While Mr. Moreno currently has the lead in the polls at 28.6 percent, he is unlikely to cross the threshold that will enable him to avoid a runoff, which would take place on April 2. Mr. Moreno’s lead has also shrunk in recent months as more conservative-leaning candidates catch up. If the election goes to a runoff vote and the conservative parties coalesce around Mr. Lasso, Ms. Viteri, or Mr. Moncayo, Ecuador could become the latest country in Latin America whose “pink tide” is turned back, following Argentina, Brazil, and Peru of last year.
Chile’s next presidential election is scheduled for mid-November 2017. Recent updates show that former president Sebastian Piñera, a conservative candidate, is leading in the polls with 23 percent, having positioned himself as the leader of the opposition to current left-leaning president Michelle Bachelet’s policies. President Bachelet has said that she will retire from Chilean politics after the election and her popularity has decreased notably towards the end of her mandate. In a recent poll, 68 percent of Chileans said they disapproved of her presidency. Other candidates for president include independent Senator Alejandro Guillier (19 percent), former president Ricardo Lagos (four percent), Manuel Jose Ossandón (four percent), and former Secretary General of the Organization of American States (OAS) José Miguel Insulza (one percent). Still, the race is just beginning and more candidates may announce their intention to run. Indeed, many political parties in Chile have said that they will only announce which candidate they are supporting in March.

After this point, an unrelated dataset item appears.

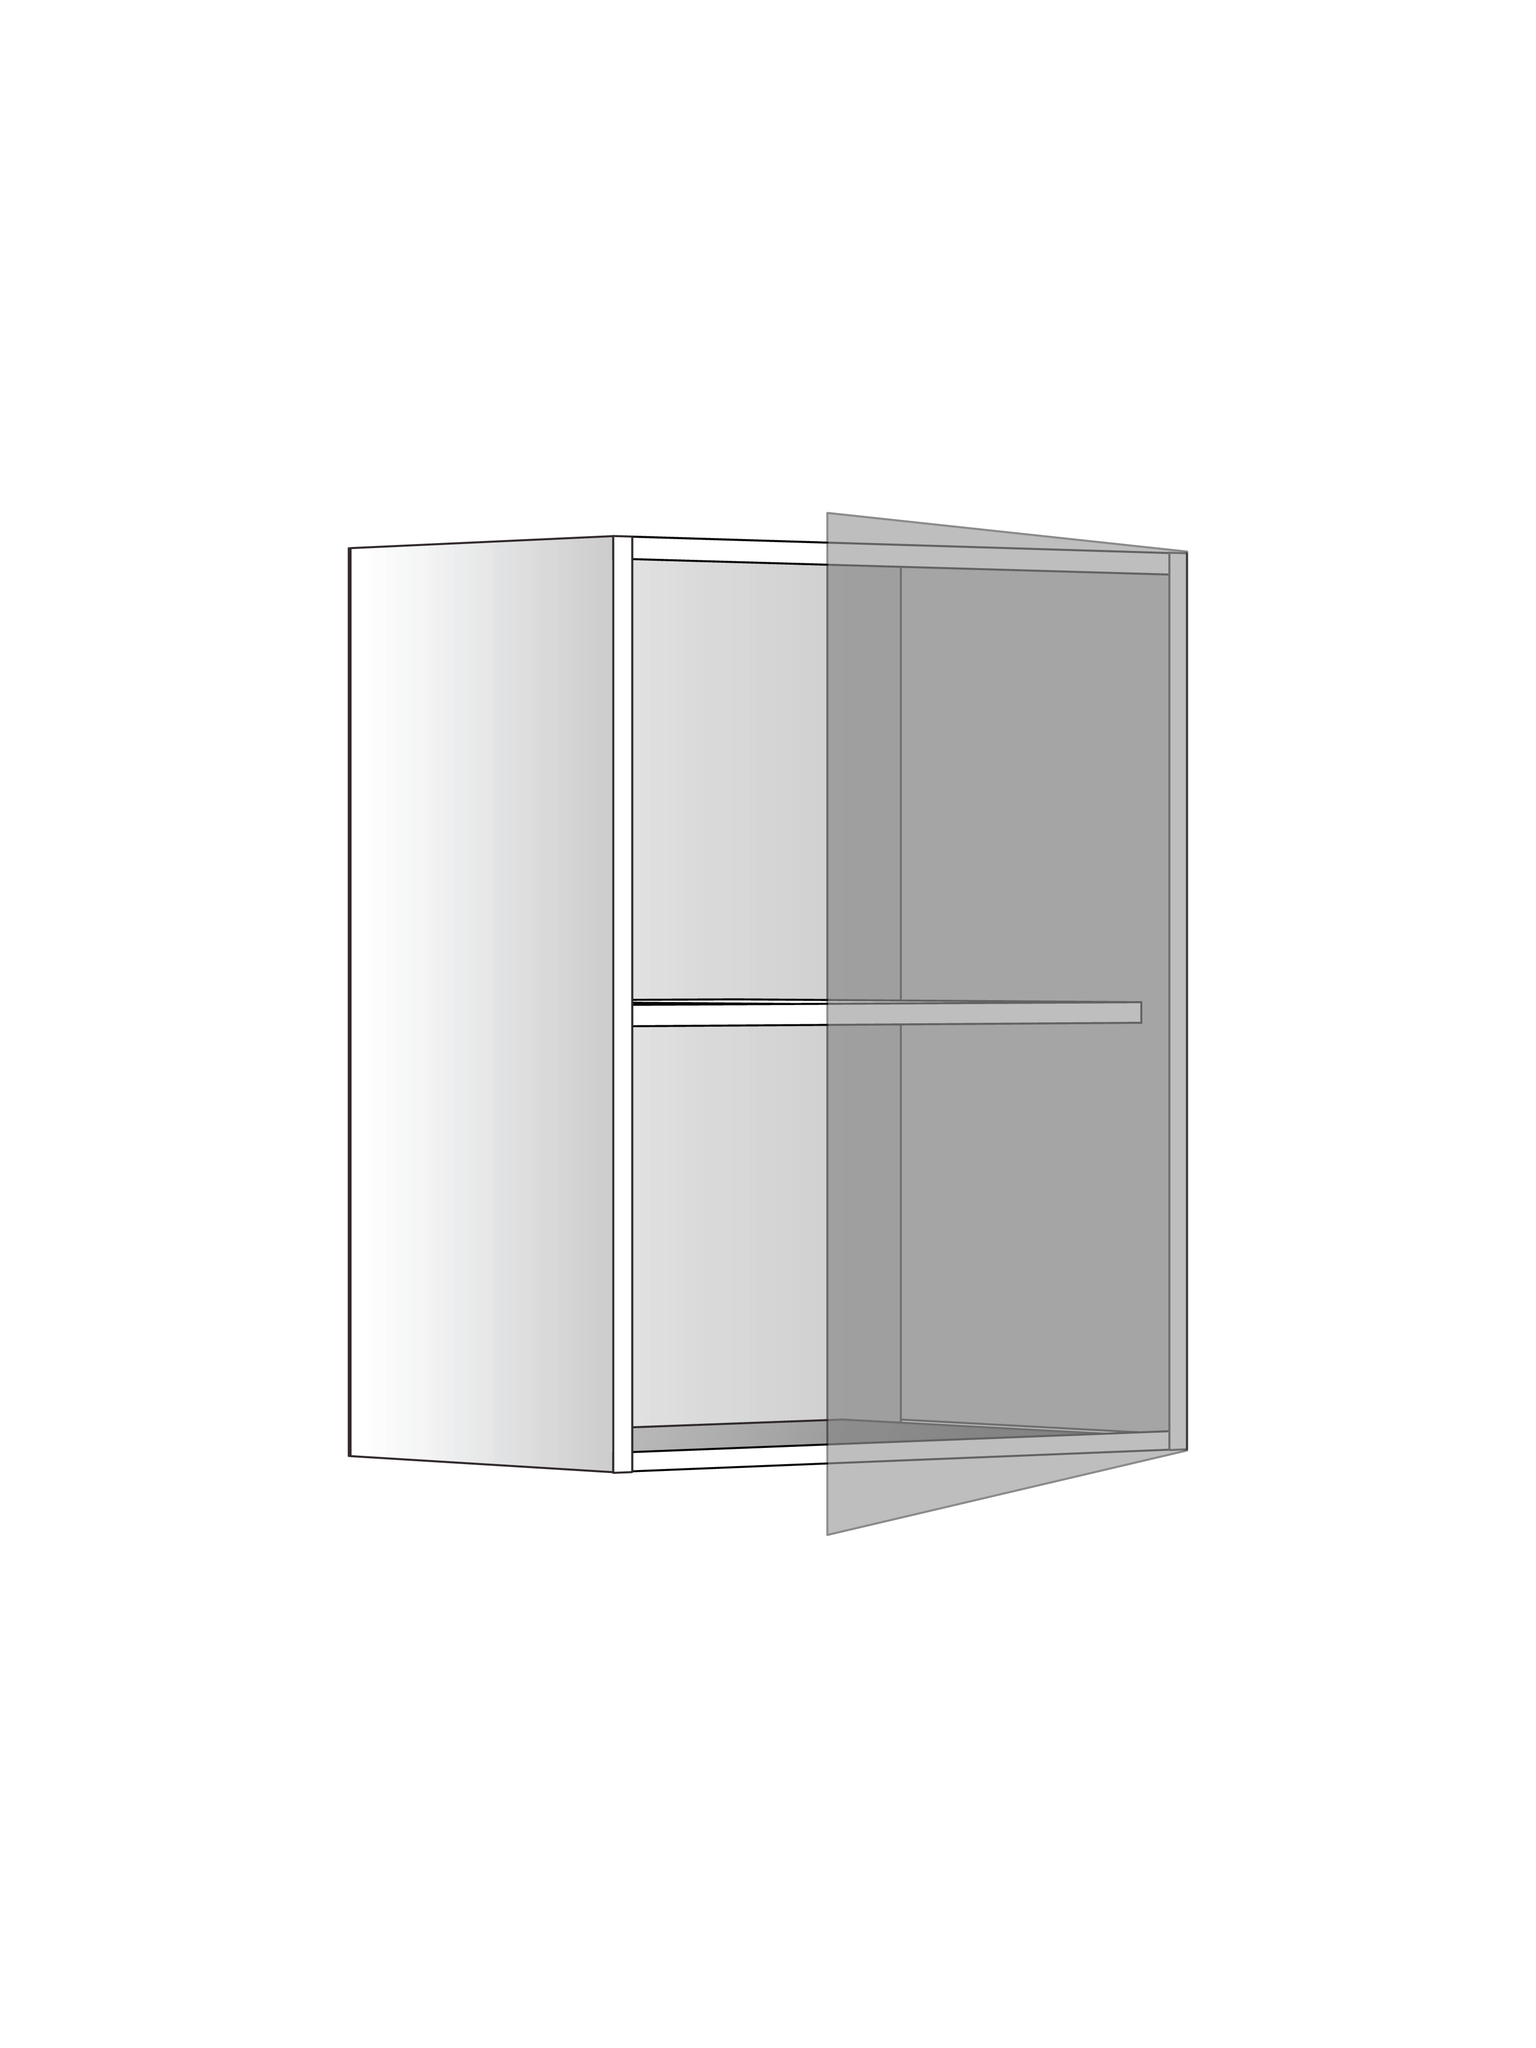 Верхний шкаф c одной полкой, 600х450 мм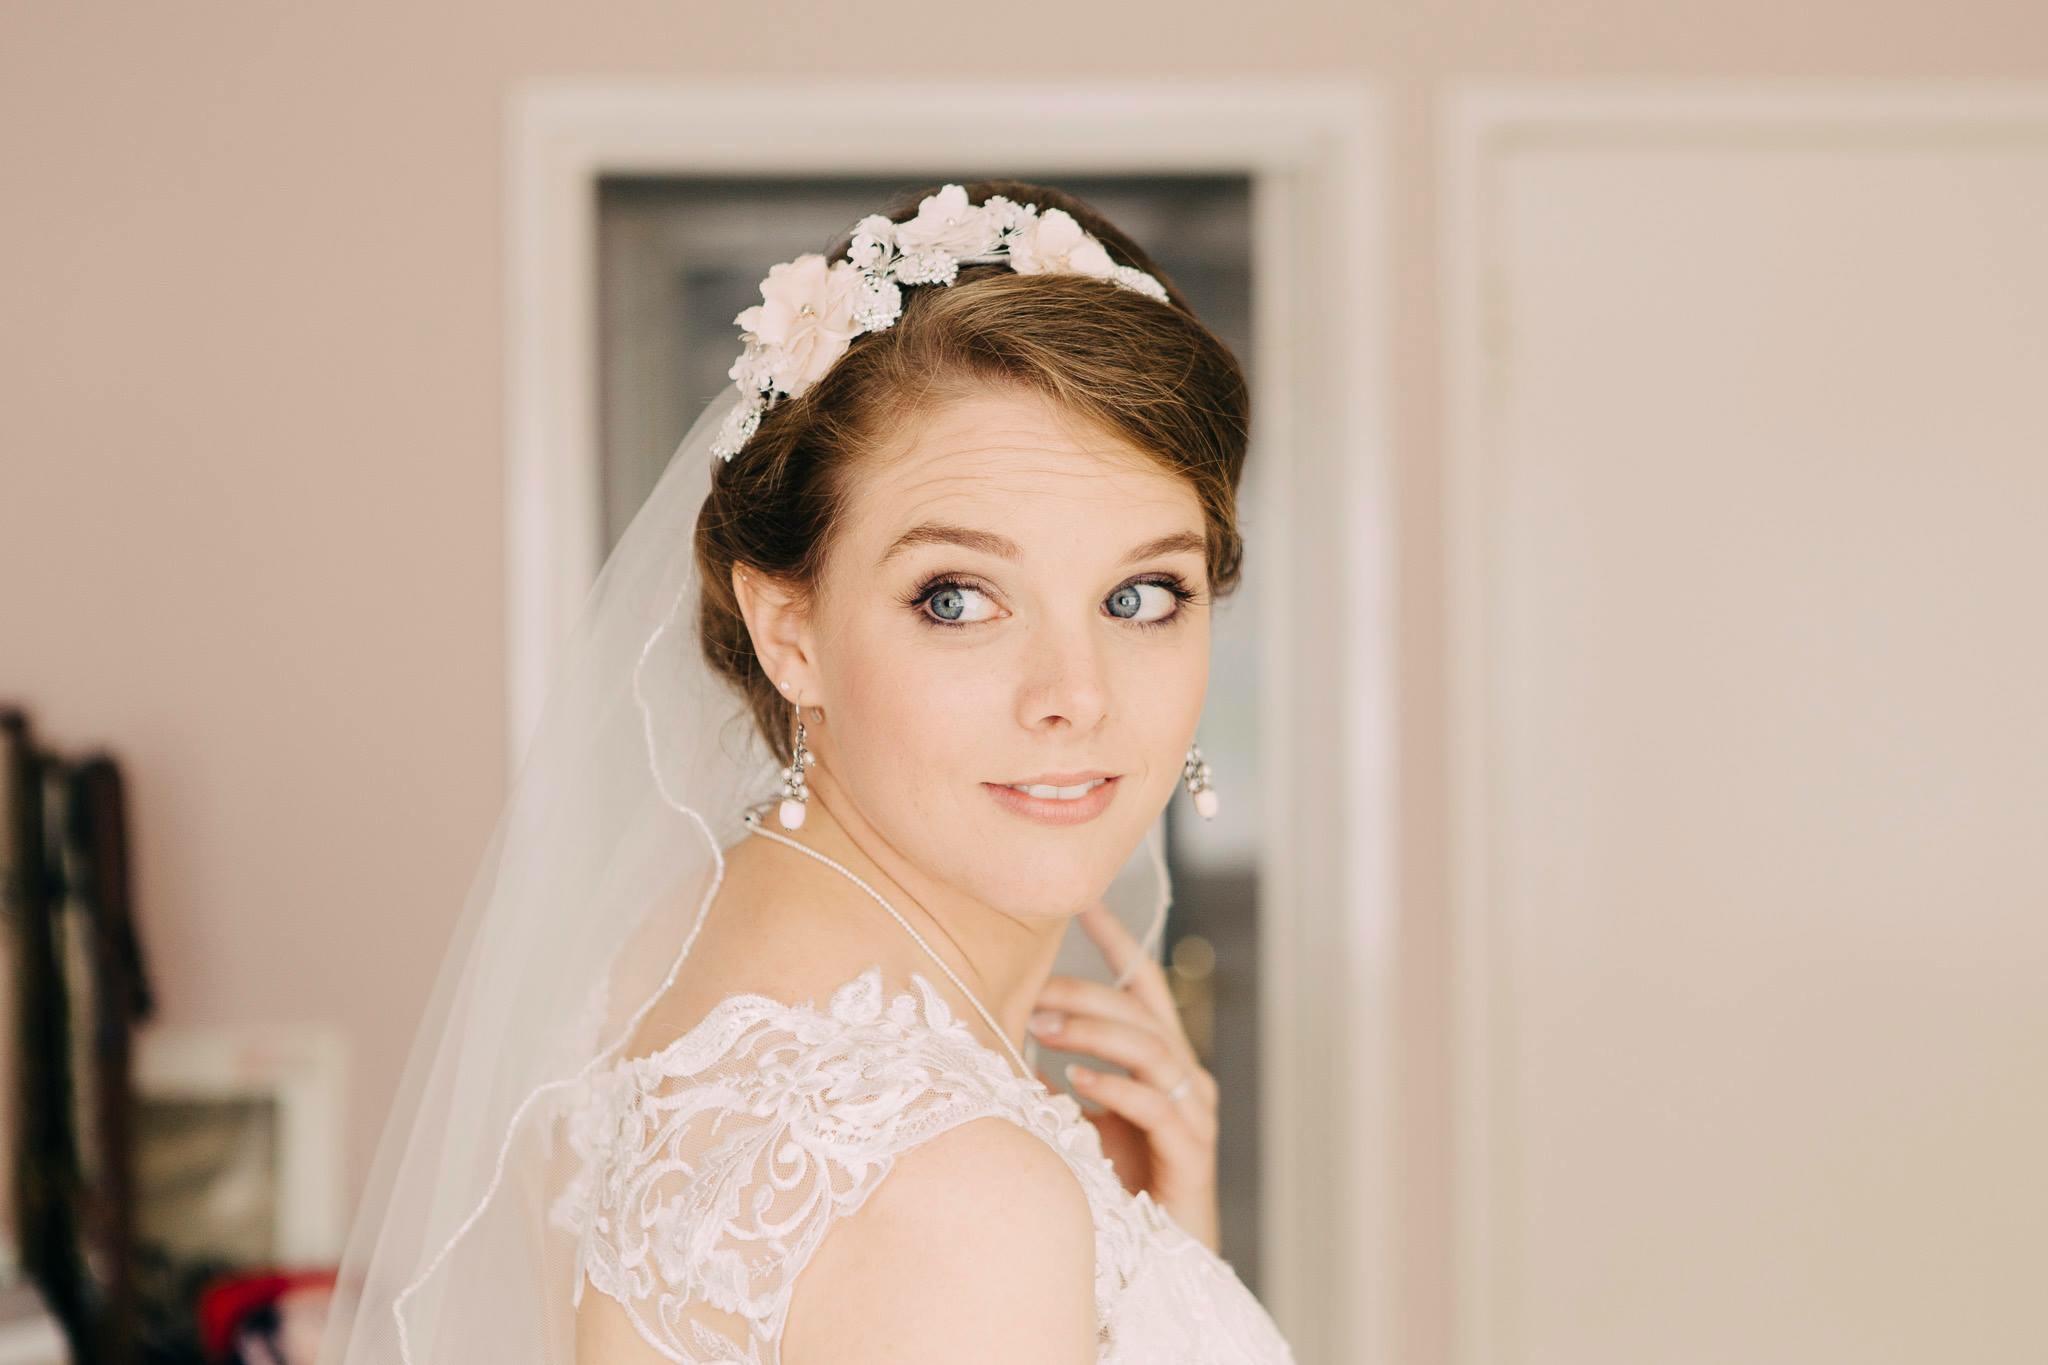 Amazing Face Bridal Hair And Makeup Dorset

While Argentina and Brazil each show potential for economic growth, Venezuela continues to be the most weighed down economy in the region as it suffers from a double digit recession and triple digit inflation. Venezuela has the both the highest inflation rate (1,107 percent) and the deepest recession in the world. President Nicolas Maduro (PSUV-Socialist Party) has failed to mitigate the country’s economic, political, and humanitarian crisis and has faced street protests and calls for a recall referendum last year. Only his hold over the electoral council and courts has enabled him to avoid such a referendum. Vatican-moderated talks with the opposition commenced in late October 2016 but fell apart in December.
On January 4, the evening before the National Assembly’s new session was scheduled to commence, Mr. Maduro appointed a new Vice President, Tareck El Aissami, a former minister of the interior and Governor of the state of Aragua. Mr. El Aissami’s appointment is critical because, should the opposition gather the signatures necessary for a referendum vote, and should President Maduro be recalled, Mr. El Aissami would complete Mr. Maduro’s presidential term through 2019. Mr. El Aissami, a self-identified “extreme Chavista,” is reputed to have ties to narco-traffickers as well as to Hamas and Hezbollah.
Leaders in the opposition-controlled Venezuelan National Assembly have said that they are afraid that President Maduro and his PSUV Party supporters will attempt a coup d’etat this year to remove all of the Assembly’s powers and further solidify control over the state. Indeed, PSUV leaders have stated publicly that the current National Assembly needs to be dissolved, despite calls to the contrary by the OAS. In this increasingly destabilizing environment, many observers are arguing that greater regional pressure on the Maduro government will be needed to help lessen the crisis and provide support for opposition voices.